A focus of global macro investing is looking for general factors which can have an impact across markets and countries but are displayed slowly in cross-asset relationships. Macro traders watch closely global and local financial conditions such as monetary liquidity as good indicators for potential switches between risk-on and risk-off environment. They also look for changes in credit conditions as a signal of potential shocks across local financial markets.

Research has found that the Financial Crisis was worsened by the high level of international synchronization especially in credit growth prior to the fall in 2008.  The large fall in real and financial activity that was related to a global liquidity shortfall.

Liquidity shortfalls will have not only real effects but also impact investor and consumer sentiment. Tightening credit spills over to investor pessimism. (See Fabrizio Perri and Vincenzo Quadrini “International Recessions” American Economic Review 2018, 108(4-5): 935–984.) Their charts of the Financial Crisis show the growth correlation between G7 countries and the similarities in macro behavior. What is clear is that the high correlation was preceded by the downturn in credit markets.






























Financial integration means that local liquidity shocks may have less impact because capital can flow from other sources, but when there is a global crisis the impact will be more synchronized and severe. Hence, following global liquidity is key to tracking potential tail risks in financial markets. Financial integration means that we get less diversification from holding international equity and bond positions. When there is a negative shock, investors are nothing to get the diversification desired or expected.

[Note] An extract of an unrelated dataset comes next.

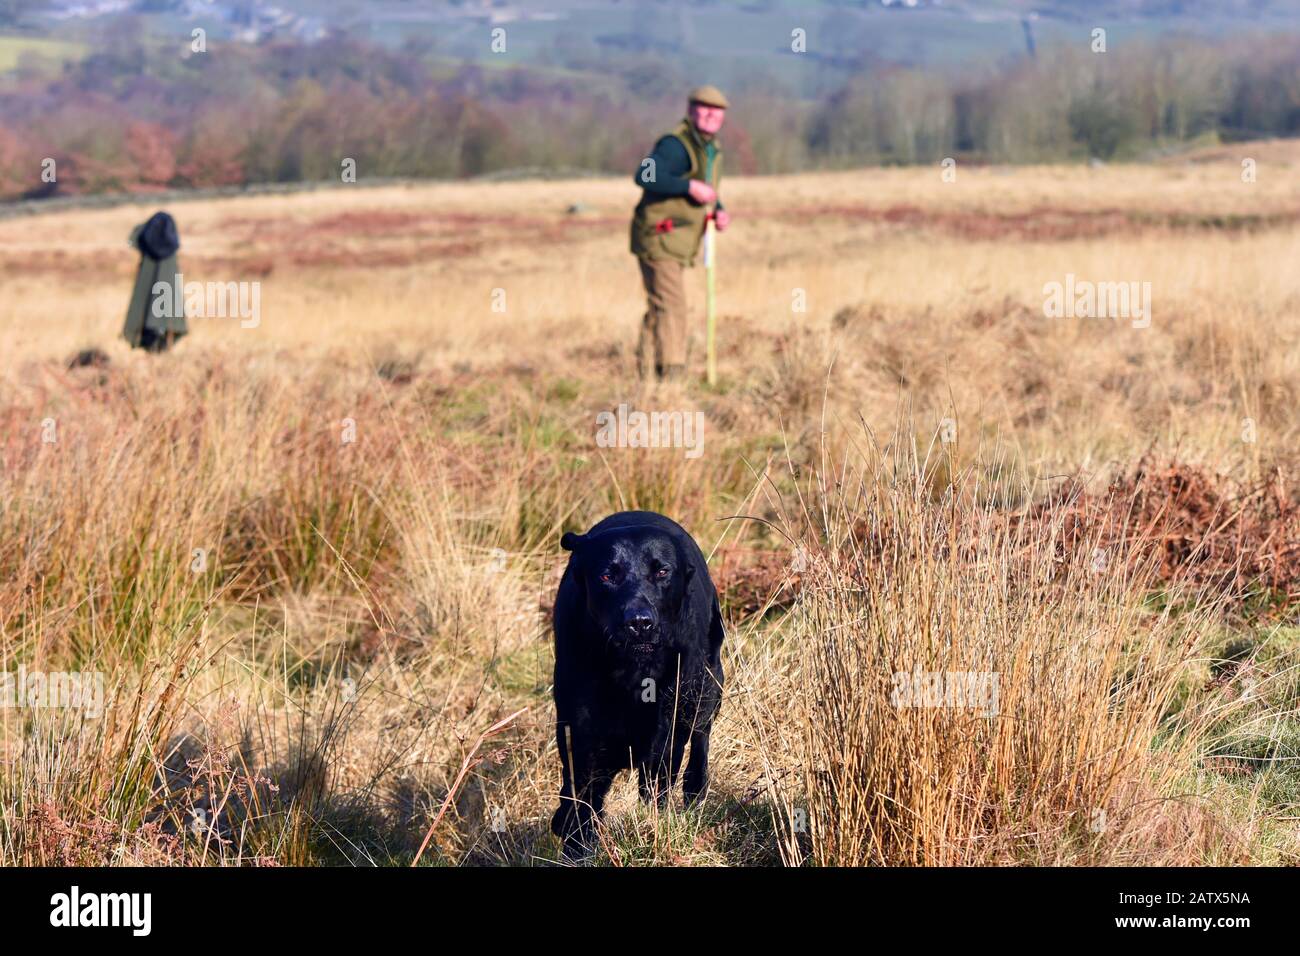 Session de formation des chiens d'arme Barden Moor Yorkshire Dales Royaume-Uni un gardien de but forme son chien à fetch un oiseau factice. Banque D'Images

While following the Fed is a necessary starting point for global liquidity monitoring, the behavior of all large central banks have to be integrated to get a good picture of global liquidity. The integrated approach means that Fed rate rising has not spilled-over globally because other central banks are continuing to provide liquidity. The current key liquidity consideration is what will be the actions of the ECB, Bank of Japan, Bank of China, and Bank of England.